*** Supplied material Section Begins ***

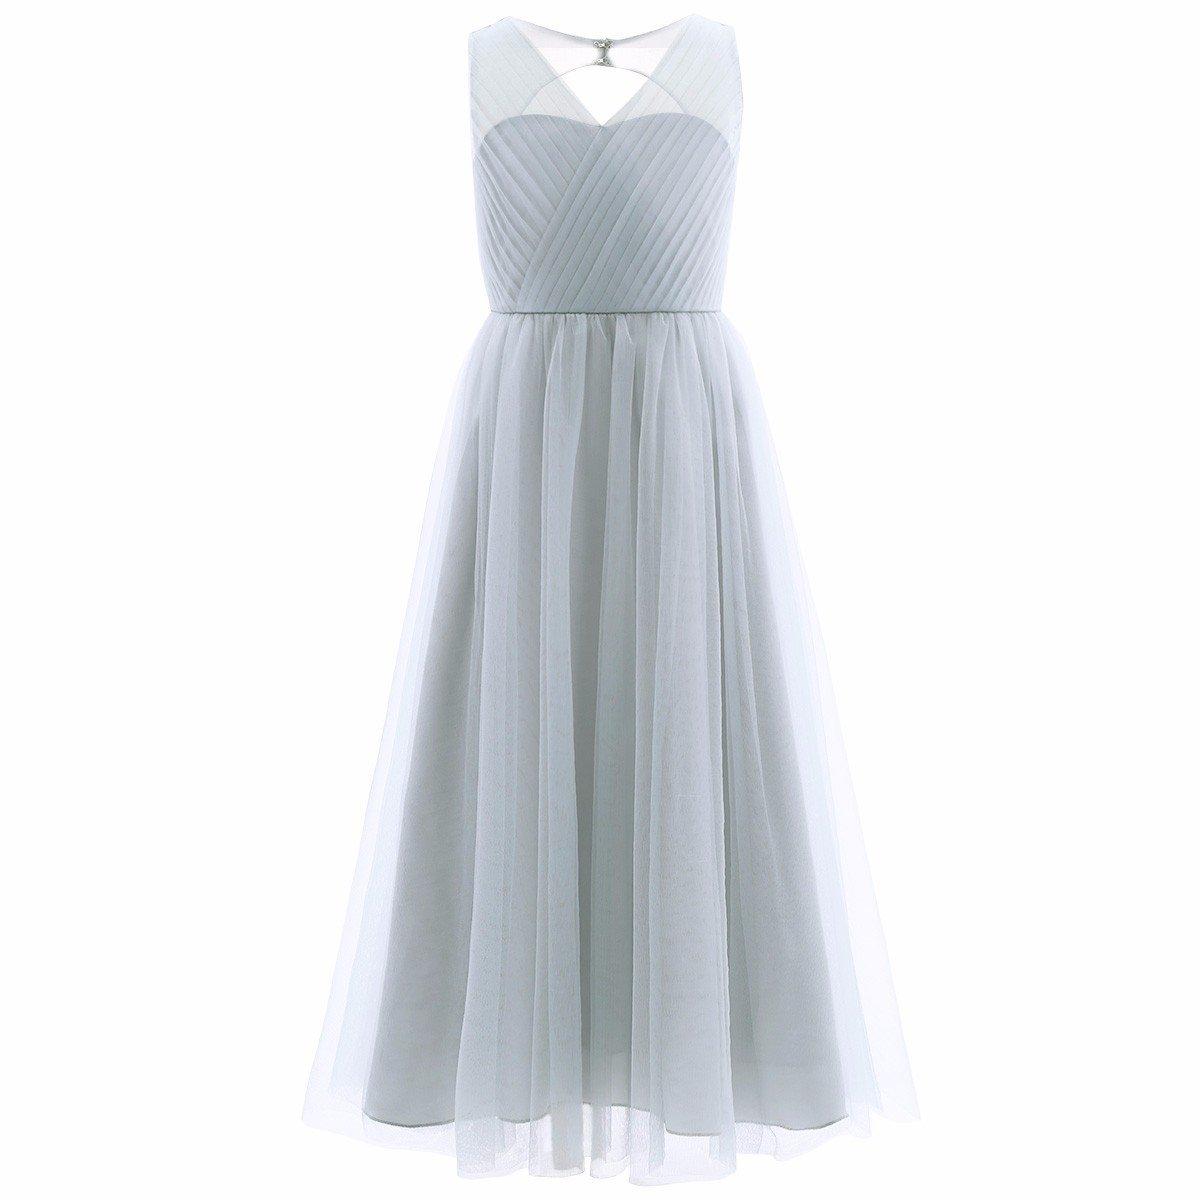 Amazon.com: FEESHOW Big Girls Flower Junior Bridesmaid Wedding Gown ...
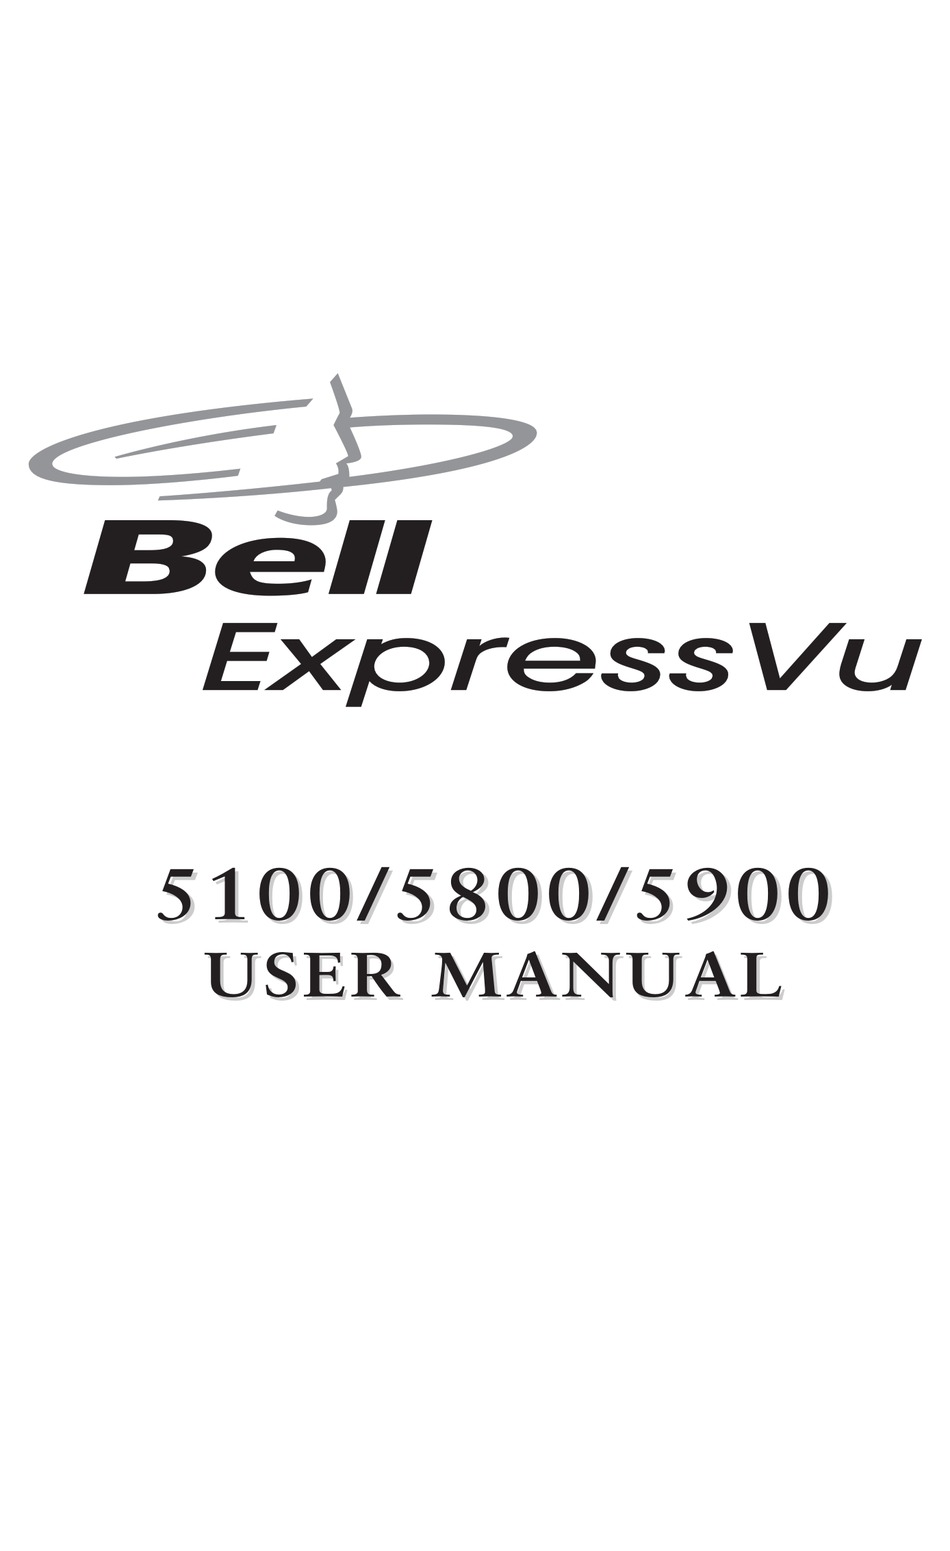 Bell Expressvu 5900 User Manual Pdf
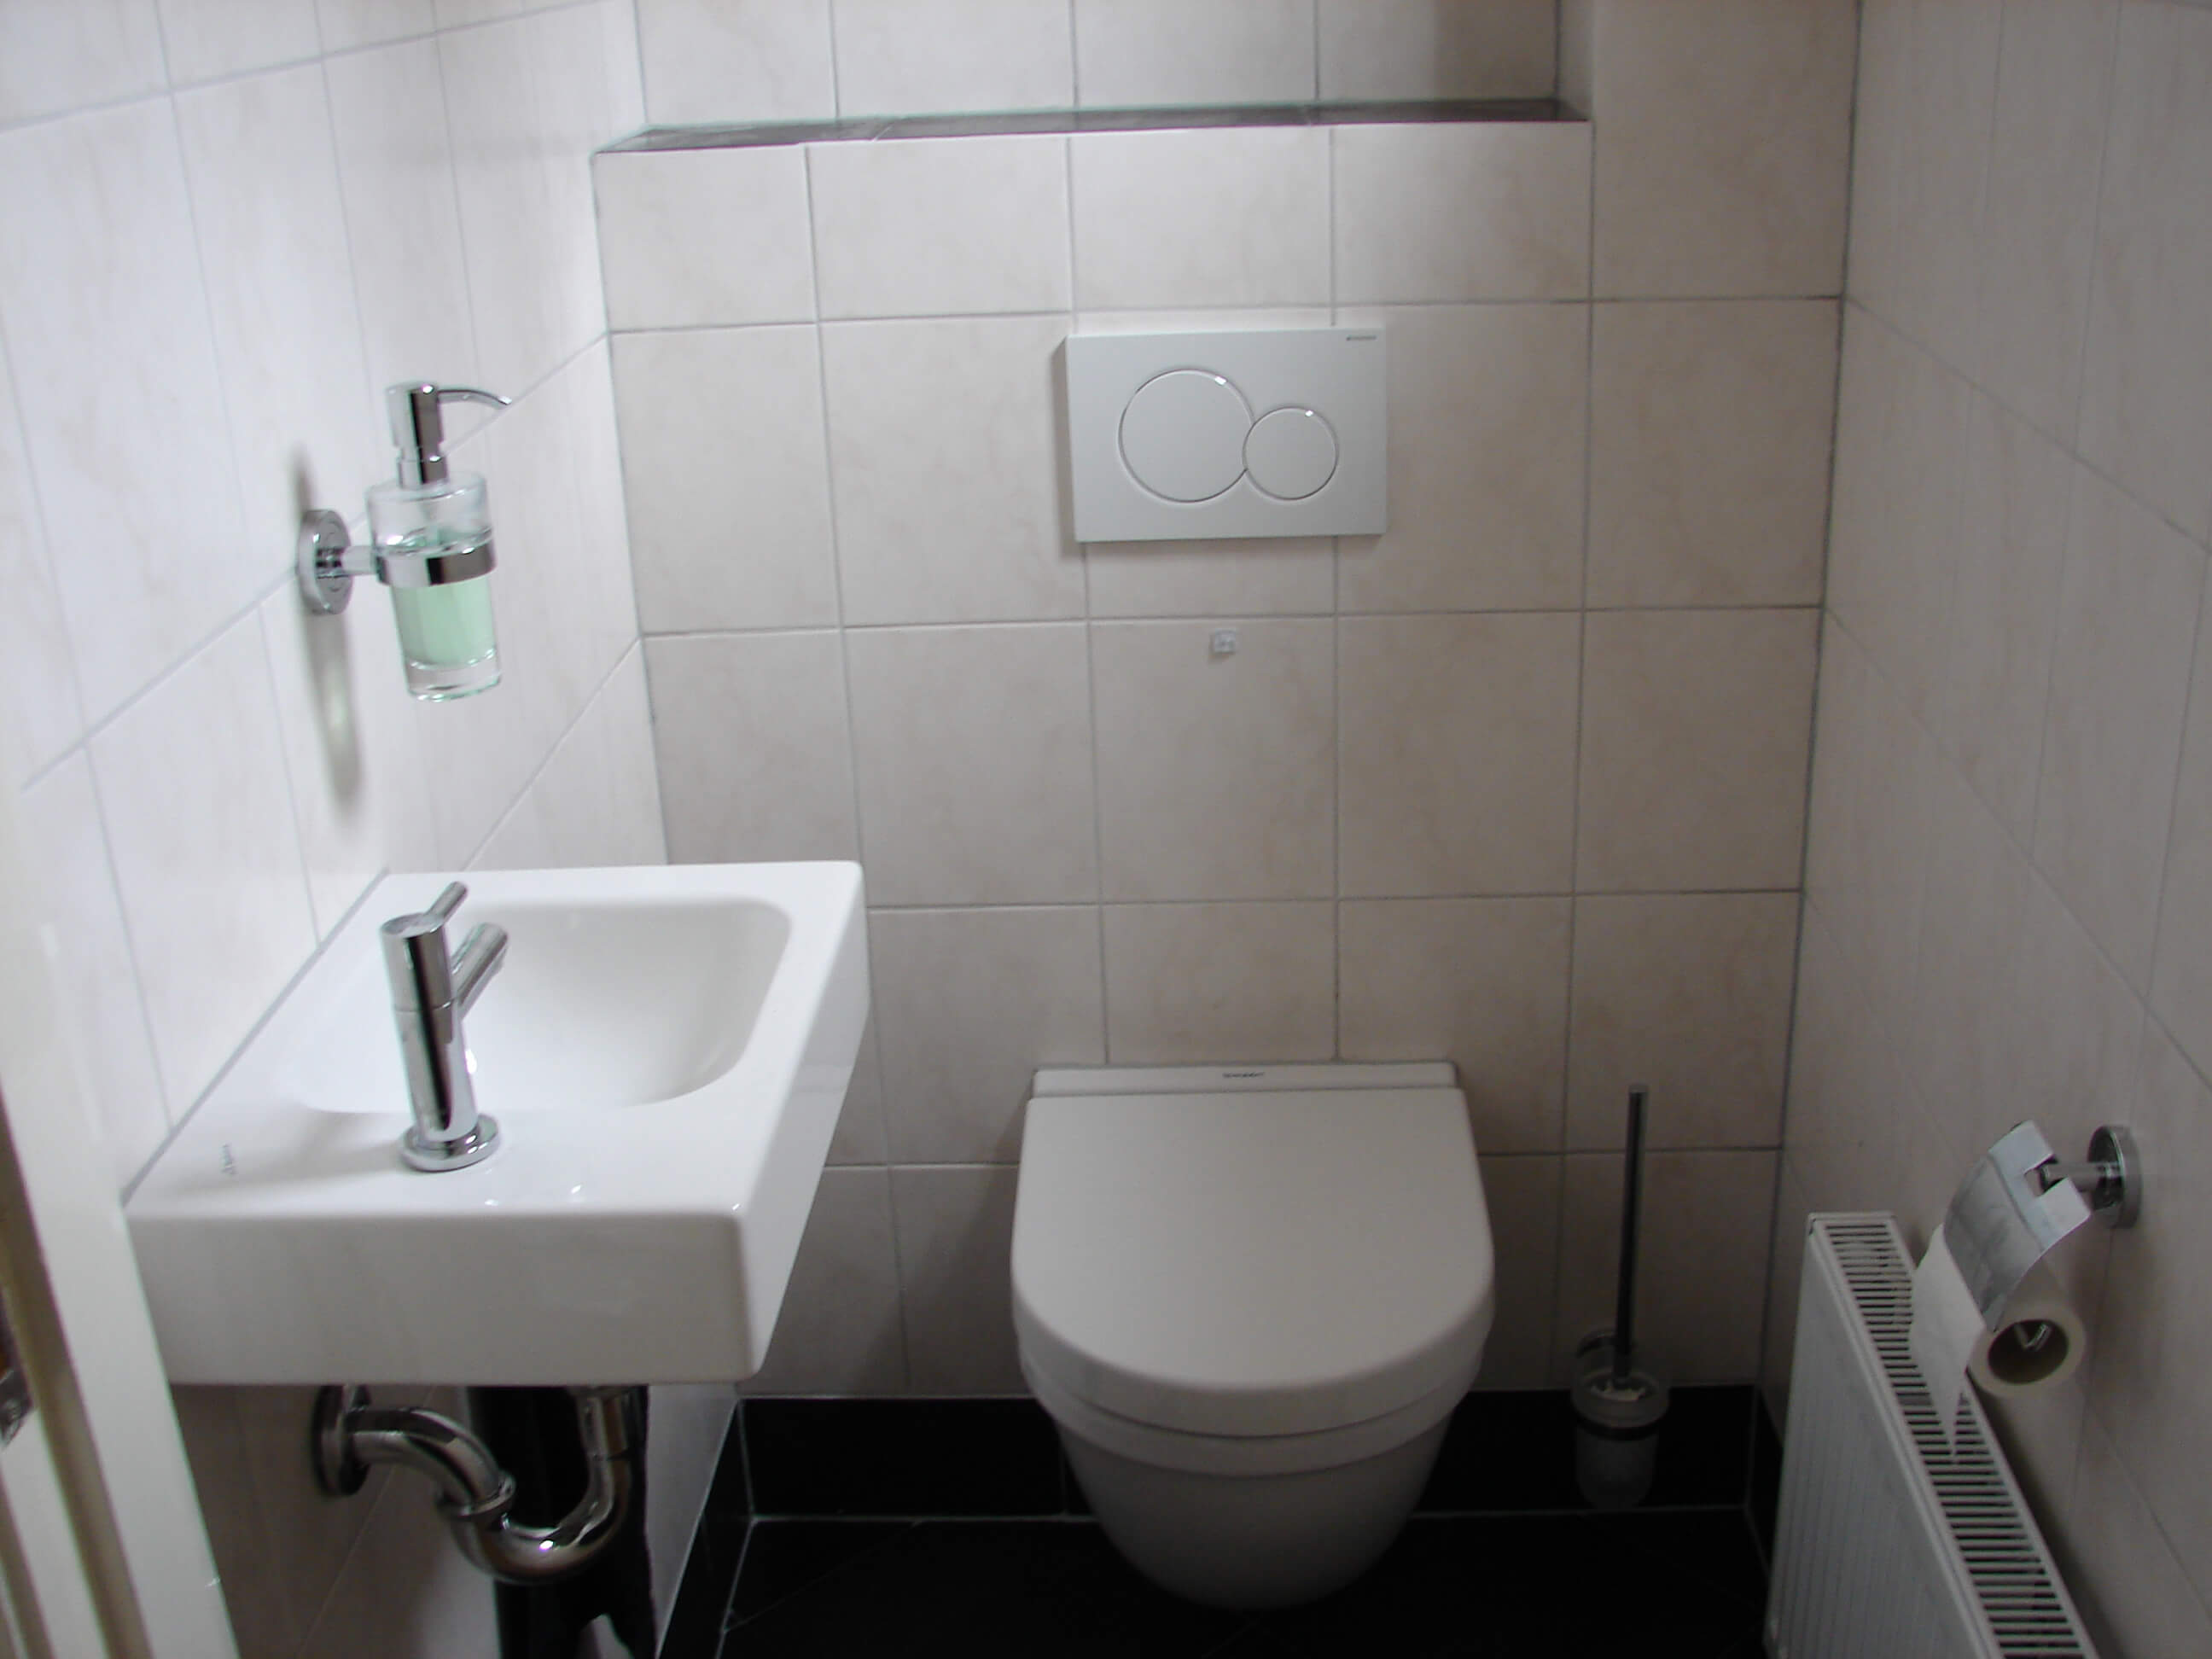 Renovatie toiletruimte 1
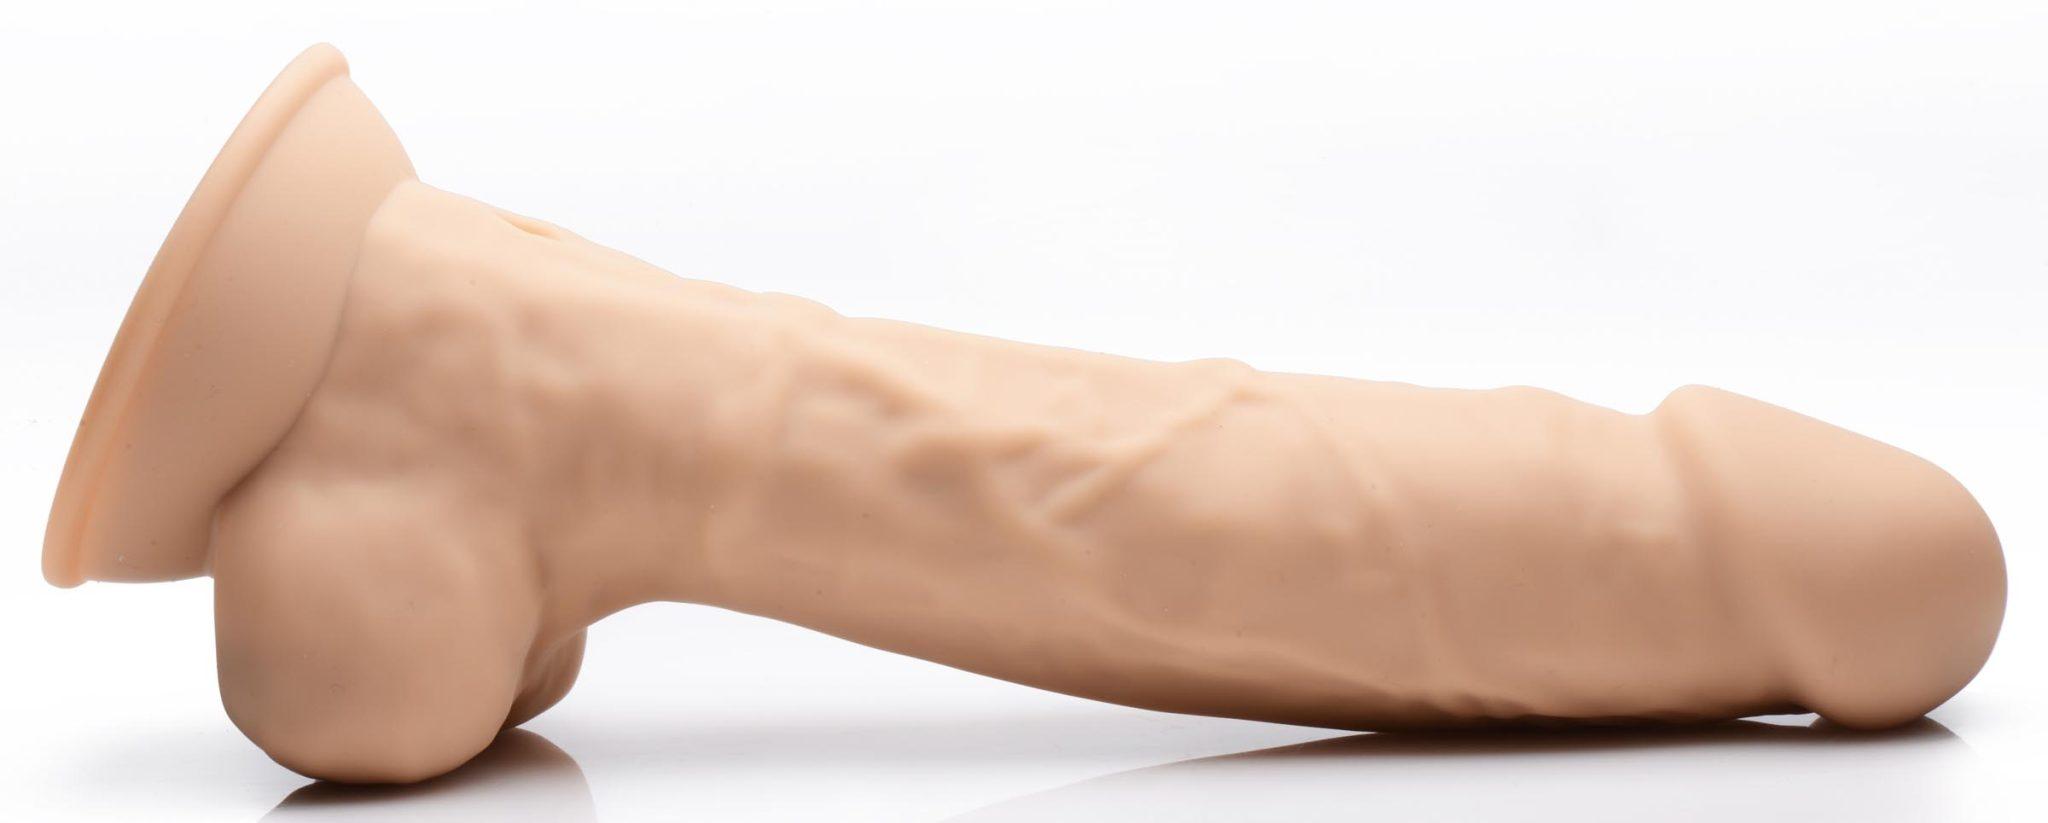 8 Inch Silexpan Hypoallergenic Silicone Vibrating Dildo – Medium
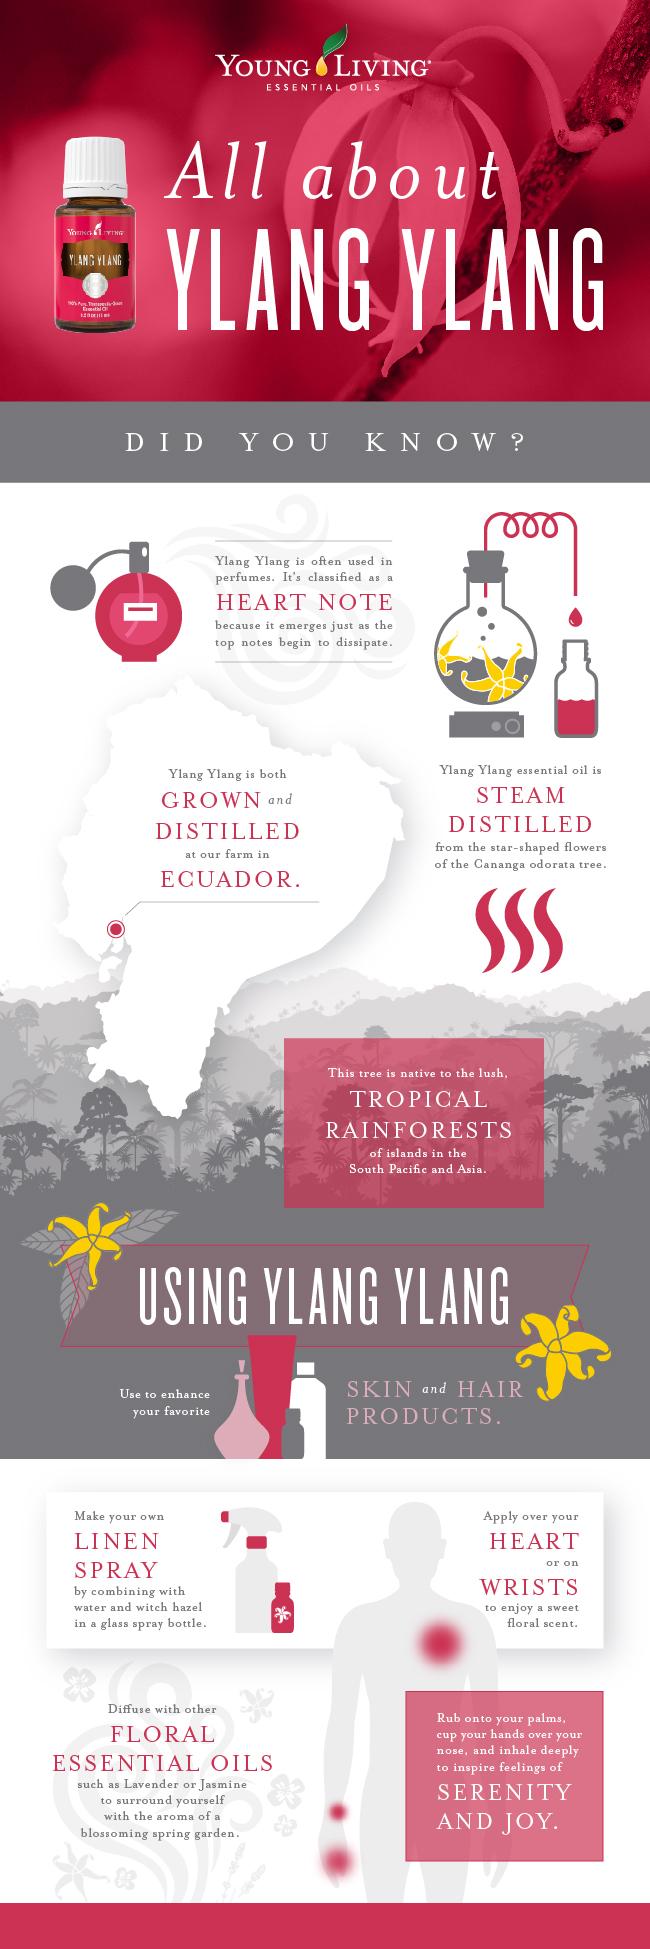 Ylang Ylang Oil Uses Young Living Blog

*** Supplied material Section Ends ***

Take the records above and transcribe them exactly, dropping every picture.

 Amazon.com: FEESHOW Big Girls Flower Junior Bridesmaid Wedding Gown ...
 Bell Expressvu 5900 User Manual Pdf
 Renovatie toiletruimte 1
 8 Inch Silexpan Hypoallergenic Silicone Vibrating Dildo – Medium
 Ylang Ylang Oil Uses Young Living Blog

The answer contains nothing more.